The governing party in Singapore has won all but six seats in parliamentary elections, but the opposition has made significant gains.

The People's Action Party (PAP), in power for more than 40 years, won 81 out of 87 seats.

But the opposition described its own wins, including a seat held by the country's foreign minister, as a "political landmark".

Prime Minister Lee Hsien Loong agreed it was a "watershed election".

Politics in the tiny but hugely wealthy state have been dominated by the current ruling party since independence in 1965.

'Distinct shift'

"It marks a distinct shift in our political landscape," Mr Lee told an early morning news conference on Sunday.

"Many [Singaporeans] wish for the government to adopt a different style and approach," he said. "Many desire to see more opposition voices in parliament to check the PAP government."

He said his party would undergo some "soul-searching" and expressed willingness to work with lawmakers from the opposition.

Although the ruling party won the great majority of seats, the party's share of the popular vote slipped to around 60% from around 67% at the last election, the results showed.

The share of seats means that the party retains the two-thirds majority allowing it to amend the constitution.

However, the opposition wins represent their best performance since Singapore became independent from the Malaysian federation in 1965.
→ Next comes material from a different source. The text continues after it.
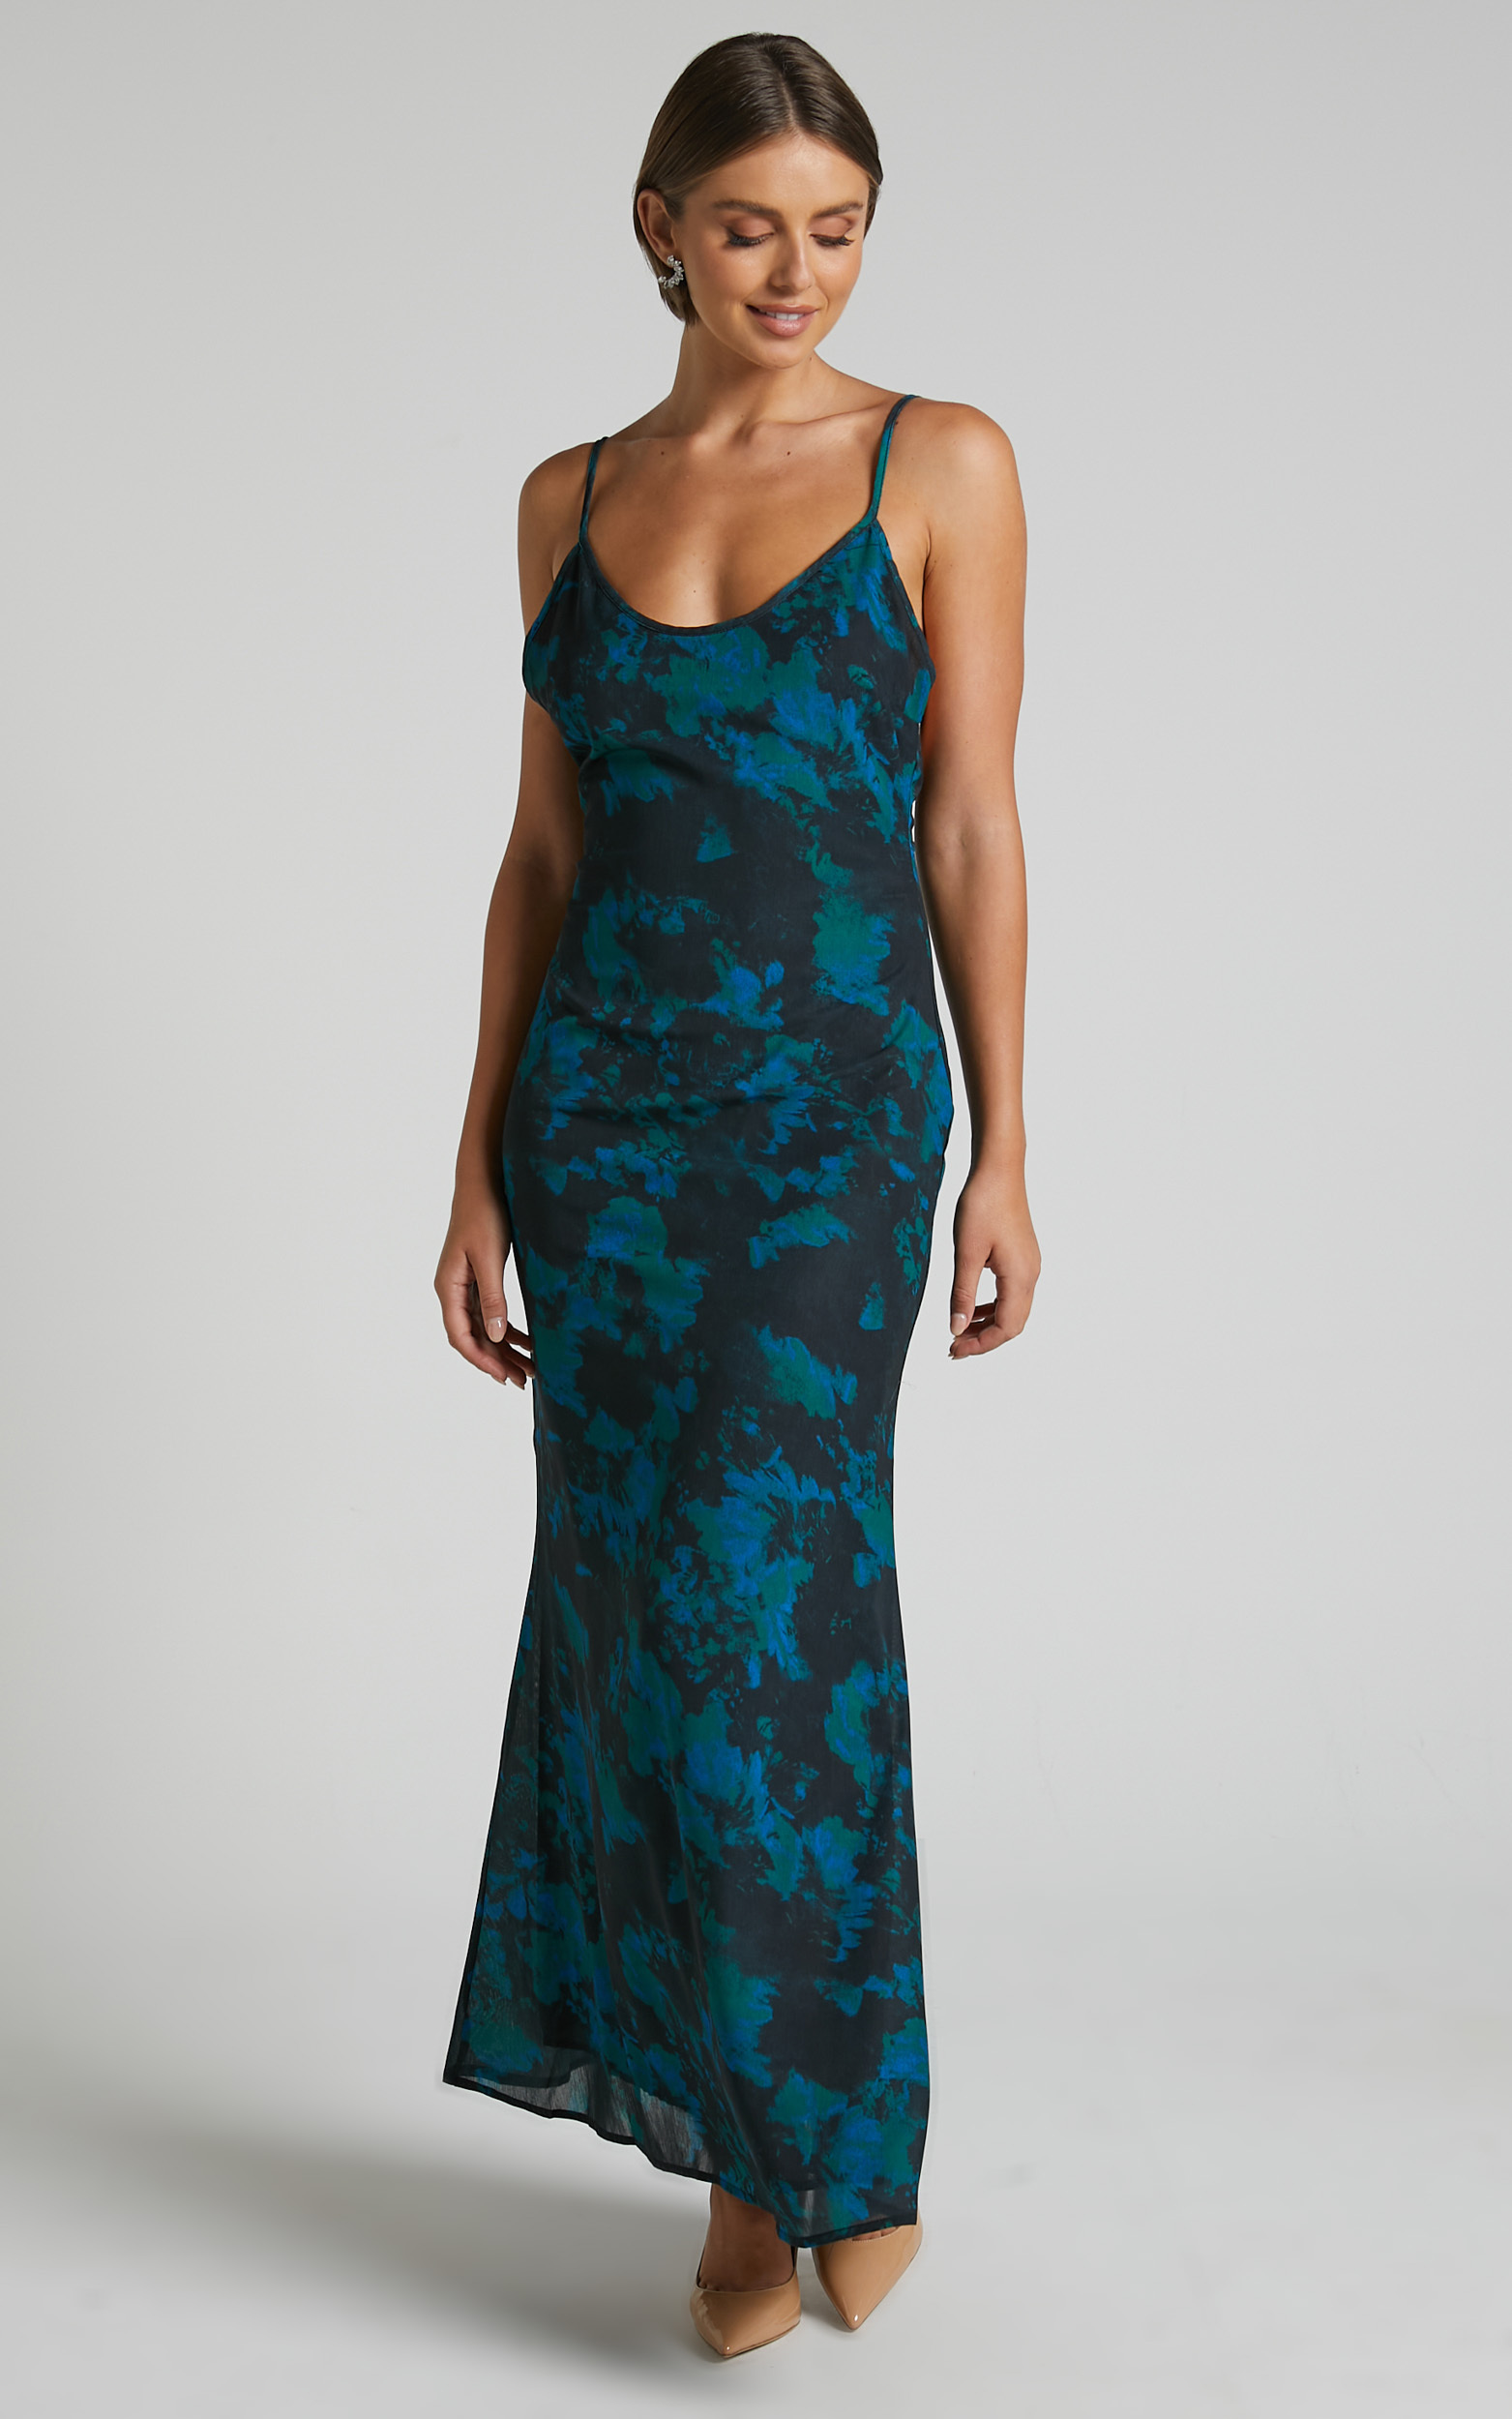 Mirski Low Back Maxi Slip Dress in Jewel Blur - 06, MLT1, hi-res image number null
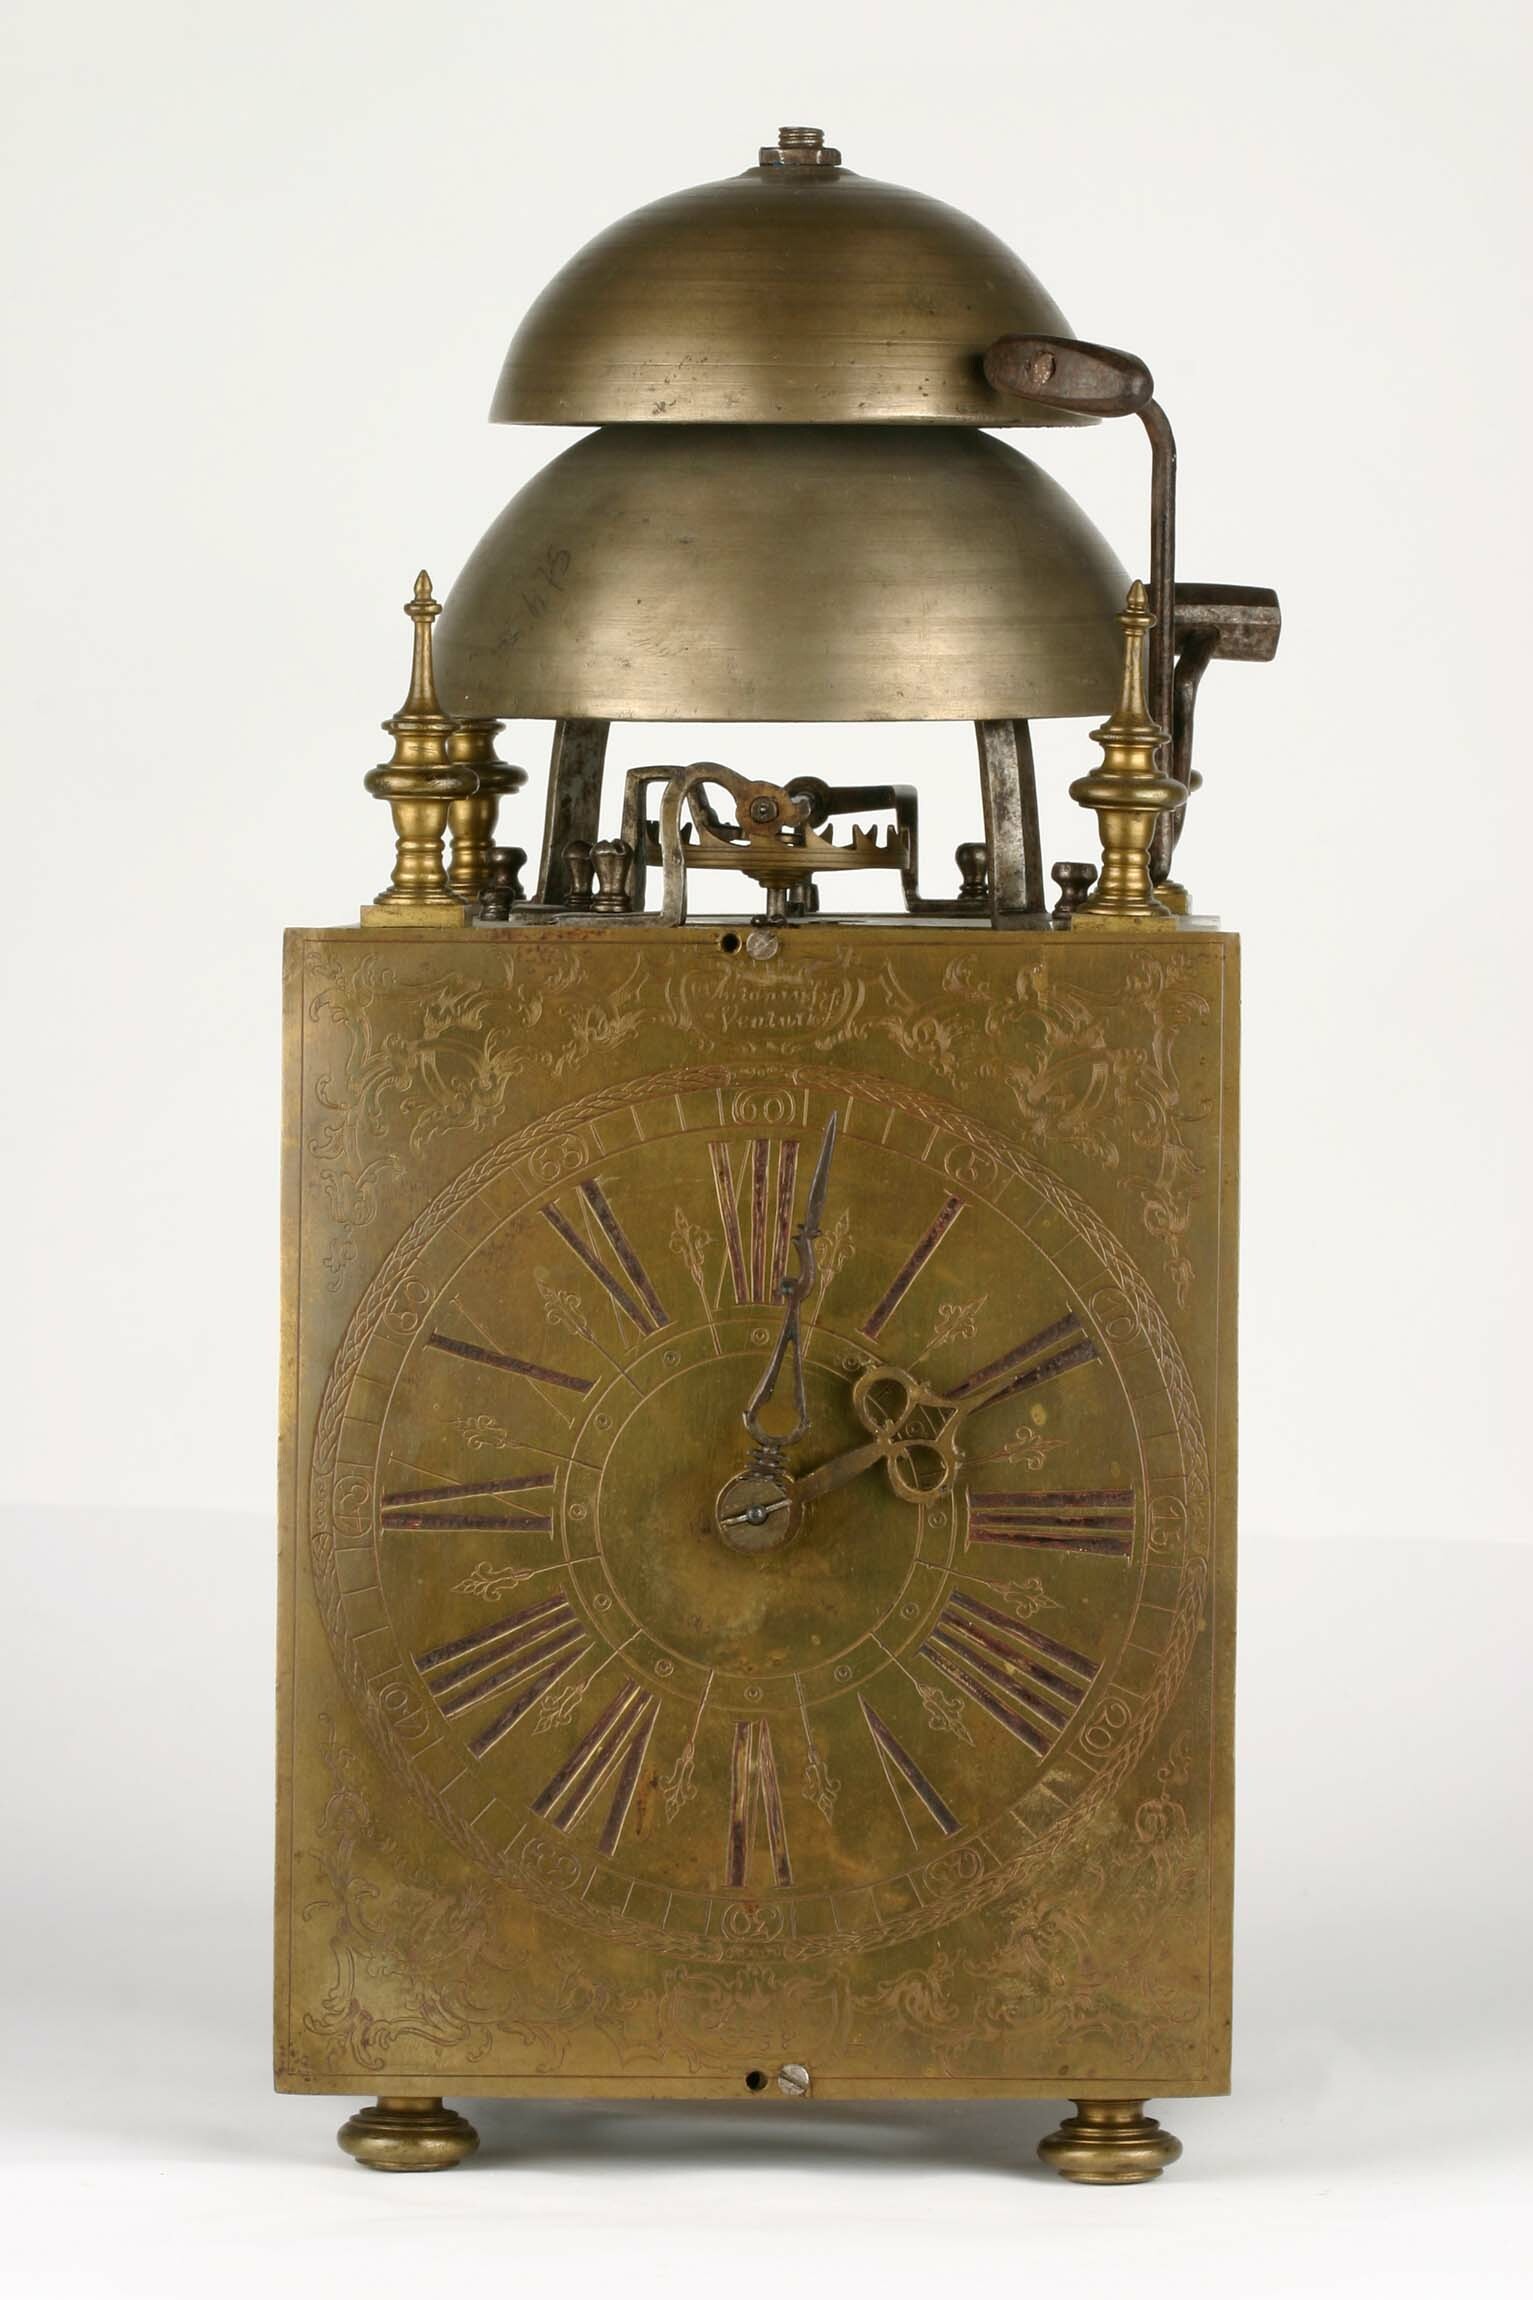 Laternenuhr (Lantern Clock), Antonius Venturi, wohl Bologna, 1738. (Deutsches Uhrenmuseum CC BY-SA)

Compulsory voting ensured a high turnout in Saturday's vote, with close to 2.06 million people - 93% of the electorate - taking part.

The BBC's South East Asia correspondent Rachel Harvey says that for the first time in a Singapore election the many parties of the traditionally fragmented opposition adopted a co-ordinated strategy which allowed them to challenge almost every seat.

In addition, the explosion of new media has opened up greater space for debate in a country where traditional platforms - TV, radio and newspapers - are strictly controlled, she says.